■ **Assignment**
Count the lines below that carry the word "Collar". Answer with that number alone.

Data items:
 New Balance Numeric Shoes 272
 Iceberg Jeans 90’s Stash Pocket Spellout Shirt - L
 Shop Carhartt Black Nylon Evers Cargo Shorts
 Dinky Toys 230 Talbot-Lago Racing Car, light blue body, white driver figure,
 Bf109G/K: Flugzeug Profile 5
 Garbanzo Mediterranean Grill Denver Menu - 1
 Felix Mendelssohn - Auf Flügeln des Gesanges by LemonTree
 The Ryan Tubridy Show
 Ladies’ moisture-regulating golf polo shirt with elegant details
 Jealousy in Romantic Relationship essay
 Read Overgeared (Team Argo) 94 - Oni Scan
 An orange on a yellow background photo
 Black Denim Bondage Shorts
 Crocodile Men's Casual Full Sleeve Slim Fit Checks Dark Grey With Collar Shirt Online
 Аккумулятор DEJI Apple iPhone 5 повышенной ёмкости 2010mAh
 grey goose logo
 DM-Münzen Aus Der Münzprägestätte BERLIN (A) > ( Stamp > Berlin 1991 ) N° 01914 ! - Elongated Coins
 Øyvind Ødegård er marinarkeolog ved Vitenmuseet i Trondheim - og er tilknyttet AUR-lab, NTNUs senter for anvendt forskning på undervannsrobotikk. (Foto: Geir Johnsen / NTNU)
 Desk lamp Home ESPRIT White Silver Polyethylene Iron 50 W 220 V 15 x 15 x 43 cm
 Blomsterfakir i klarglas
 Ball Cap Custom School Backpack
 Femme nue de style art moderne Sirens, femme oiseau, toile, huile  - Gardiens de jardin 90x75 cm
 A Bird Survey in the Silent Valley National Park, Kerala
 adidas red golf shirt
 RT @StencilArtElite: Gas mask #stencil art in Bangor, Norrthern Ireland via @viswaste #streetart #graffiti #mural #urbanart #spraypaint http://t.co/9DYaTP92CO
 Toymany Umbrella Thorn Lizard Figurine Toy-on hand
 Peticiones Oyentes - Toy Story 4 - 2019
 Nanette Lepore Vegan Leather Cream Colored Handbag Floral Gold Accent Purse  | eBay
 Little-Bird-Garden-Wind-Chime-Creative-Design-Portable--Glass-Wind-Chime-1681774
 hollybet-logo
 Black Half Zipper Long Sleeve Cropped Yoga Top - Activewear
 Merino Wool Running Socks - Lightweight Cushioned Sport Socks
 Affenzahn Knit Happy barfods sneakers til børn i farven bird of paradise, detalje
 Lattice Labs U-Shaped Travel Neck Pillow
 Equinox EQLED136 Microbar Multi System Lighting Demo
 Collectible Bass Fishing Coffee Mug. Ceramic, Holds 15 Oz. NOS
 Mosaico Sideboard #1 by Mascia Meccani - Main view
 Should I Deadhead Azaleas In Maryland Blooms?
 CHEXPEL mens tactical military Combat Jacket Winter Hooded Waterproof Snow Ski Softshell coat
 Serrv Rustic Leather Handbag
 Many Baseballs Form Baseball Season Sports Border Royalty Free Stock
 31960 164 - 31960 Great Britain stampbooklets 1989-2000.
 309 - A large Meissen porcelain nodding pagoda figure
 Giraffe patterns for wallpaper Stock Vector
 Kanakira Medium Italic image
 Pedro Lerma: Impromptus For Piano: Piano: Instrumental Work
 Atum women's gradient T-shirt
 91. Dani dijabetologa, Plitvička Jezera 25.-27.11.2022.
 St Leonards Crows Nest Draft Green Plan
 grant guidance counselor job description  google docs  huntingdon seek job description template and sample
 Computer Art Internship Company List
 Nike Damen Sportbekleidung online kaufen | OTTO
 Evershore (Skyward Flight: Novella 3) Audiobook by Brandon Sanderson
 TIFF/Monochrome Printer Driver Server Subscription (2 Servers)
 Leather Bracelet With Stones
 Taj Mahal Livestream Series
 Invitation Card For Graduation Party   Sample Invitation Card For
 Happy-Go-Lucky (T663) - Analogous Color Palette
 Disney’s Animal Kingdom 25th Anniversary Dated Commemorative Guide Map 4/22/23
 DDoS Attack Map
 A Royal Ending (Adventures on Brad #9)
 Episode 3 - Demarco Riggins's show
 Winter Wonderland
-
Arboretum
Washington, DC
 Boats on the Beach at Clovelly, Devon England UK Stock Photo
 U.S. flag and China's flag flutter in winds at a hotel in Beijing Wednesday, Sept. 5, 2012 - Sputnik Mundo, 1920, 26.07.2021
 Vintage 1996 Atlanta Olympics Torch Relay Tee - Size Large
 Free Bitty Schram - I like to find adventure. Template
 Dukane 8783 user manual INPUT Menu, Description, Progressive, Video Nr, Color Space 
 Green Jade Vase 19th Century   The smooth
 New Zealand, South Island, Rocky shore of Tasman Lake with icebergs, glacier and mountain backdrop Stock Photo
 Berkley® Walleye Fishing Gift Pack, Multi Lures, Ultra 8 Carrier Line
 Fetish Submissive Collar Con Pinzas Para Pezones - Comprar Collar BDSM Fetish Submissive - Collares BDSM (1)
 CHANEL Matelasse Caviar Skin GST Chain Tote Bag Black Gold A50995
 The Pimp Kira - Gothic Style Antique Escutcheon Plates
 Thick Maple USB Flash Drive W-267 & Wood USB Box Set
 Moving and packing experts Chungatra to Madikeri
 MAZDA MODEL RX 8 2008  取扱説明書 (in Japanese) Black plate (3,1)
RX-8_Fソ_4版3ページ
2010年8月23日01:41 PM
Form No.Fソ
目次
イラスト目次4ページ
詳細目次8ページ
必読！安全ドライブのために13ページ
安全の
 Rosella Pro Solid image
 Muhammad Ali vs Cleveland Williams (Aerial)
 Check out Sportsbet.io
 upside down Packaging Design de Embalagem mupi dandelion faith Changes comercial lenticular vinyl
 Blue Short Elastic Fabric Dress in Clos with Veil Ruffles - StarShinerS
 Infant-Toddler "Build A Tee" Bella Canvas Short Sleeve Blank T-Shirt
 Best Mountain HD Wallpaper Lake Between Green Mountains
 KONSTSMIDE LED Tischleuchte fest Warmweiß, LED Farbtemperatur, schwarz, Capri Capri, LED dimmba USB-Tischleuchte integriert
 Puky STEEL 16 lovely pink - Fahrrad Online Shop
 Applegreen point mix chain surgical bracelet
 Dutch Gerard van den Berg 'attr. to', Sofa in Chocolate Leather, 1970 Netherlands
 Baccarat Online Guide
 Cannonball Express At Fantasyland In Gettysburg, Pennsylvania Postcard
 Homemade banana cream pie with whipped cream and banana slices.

■ **Response box**
2